The show was clearly produced for a South Korean audience, so the nuanced moments of personal trial and complexity is lost due to the cultural barrier from an American perspective. As a result, it becomes difficult to identify with the character on a deeper level than the archetype the producers assigned to them; the characters are quite literally reduced to numbers. Number 456, Seong Gi-Hun, is the main character with a daughter he wants to provide for, but he has found himself desperately in debt due to a gambling addiction. Throughout the series he grapples with his moral conscience as he is forced to do terrible things to survive. Gi-Hun is the character who the audience is supposed to root for, but his poorly developed characterization and the ridiculous plot carrying the narrative along deflates all dramatic tension and the character becomes annoying as opposed to the sympathetic figure the producers intended.
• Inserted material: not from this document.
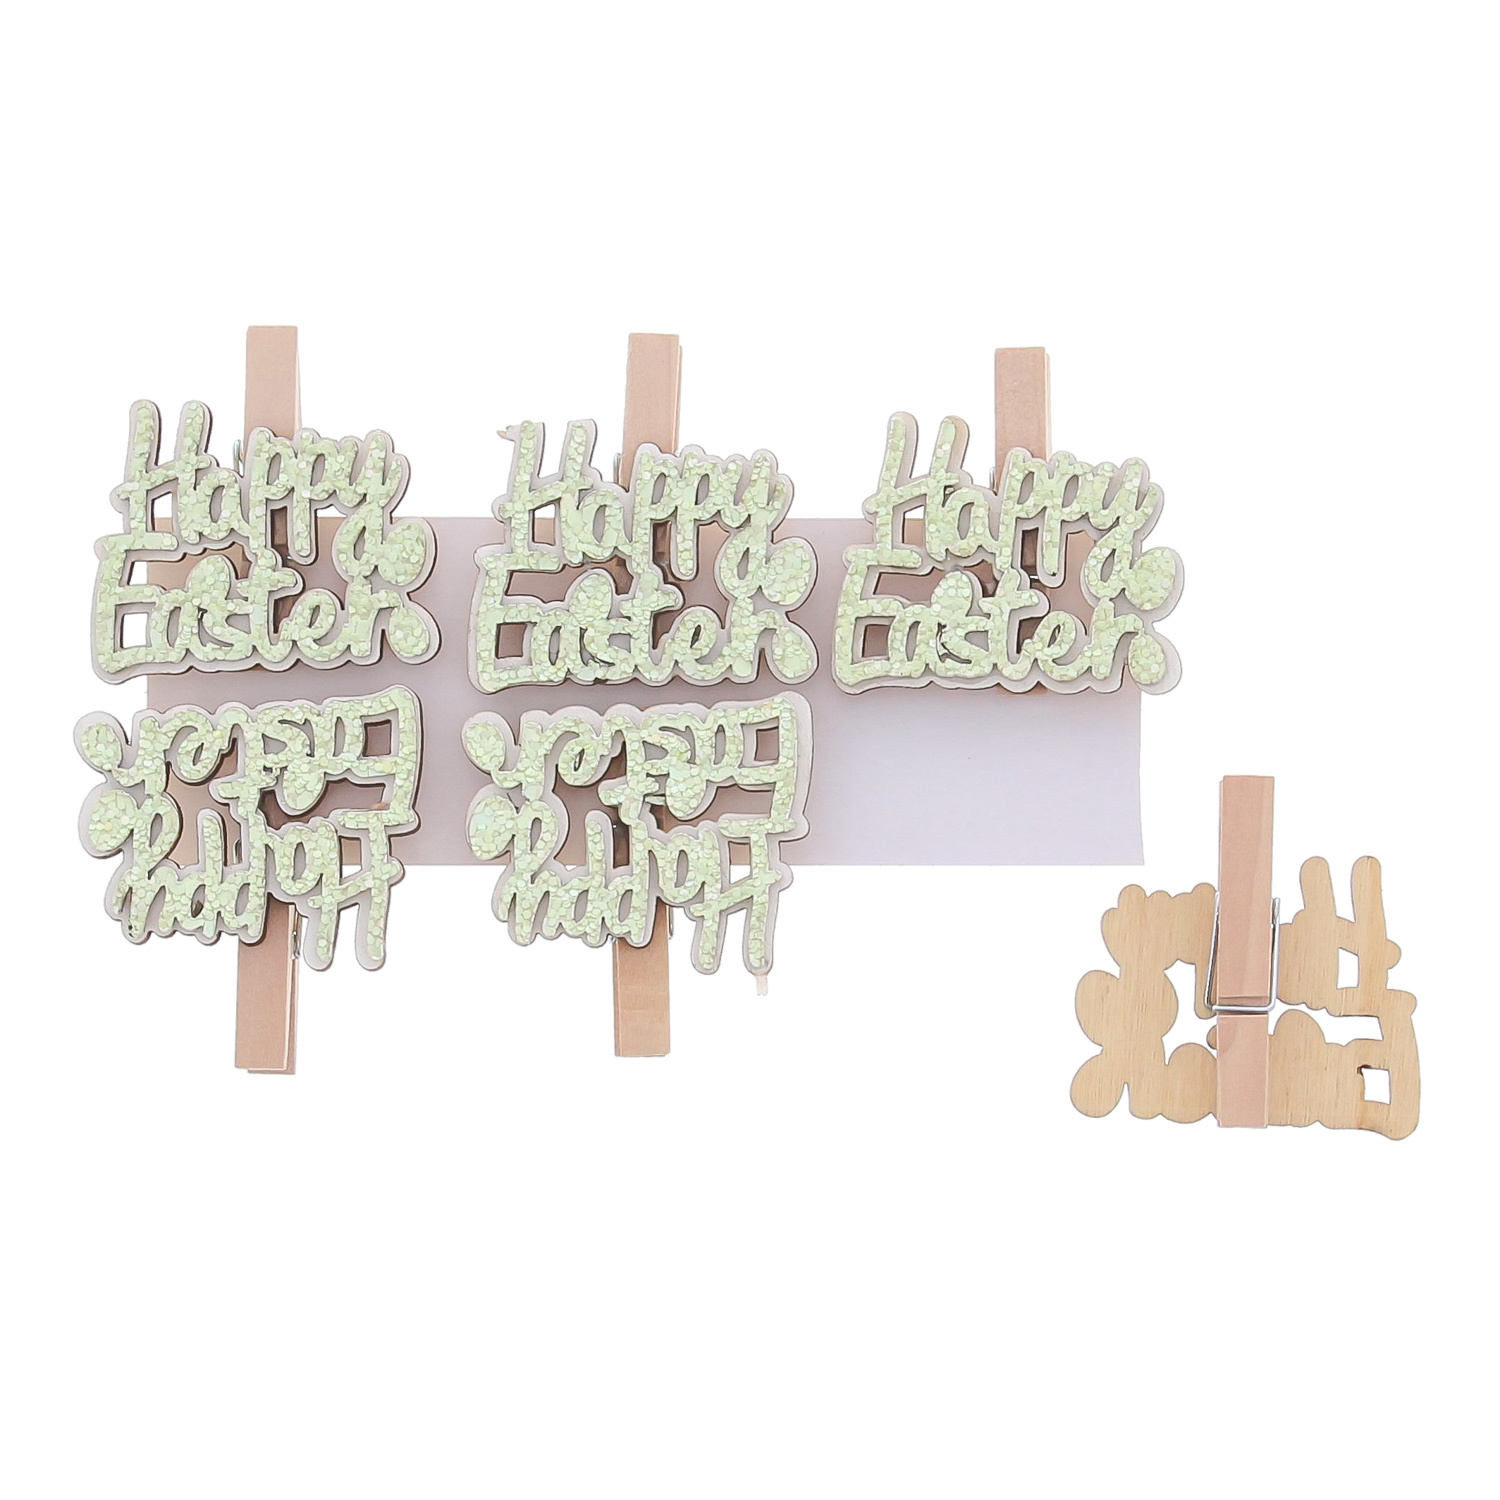 "Happy Easter" clip light green-  45*14*48mm- 36 pieces

The narrative is the weakest aspect of the series. The story is nonexistent, and each event seems to exist independently of the events before and after it. The players are forced to endure six deadly games which eliminate approximately half the player roster, but the plot lines going game to game are loosely flowing and downright confusing, taking away from the importance of games in the context of the larger storyline. After watching the nine episodes of the series, several glaring plot holes and unanswered questions persist, leaving the viewer frustrated and unsatisfied. For gory, psychological and dramatic manipulation of the human experience, several better options should be higher on the must watch list than "Squid Game."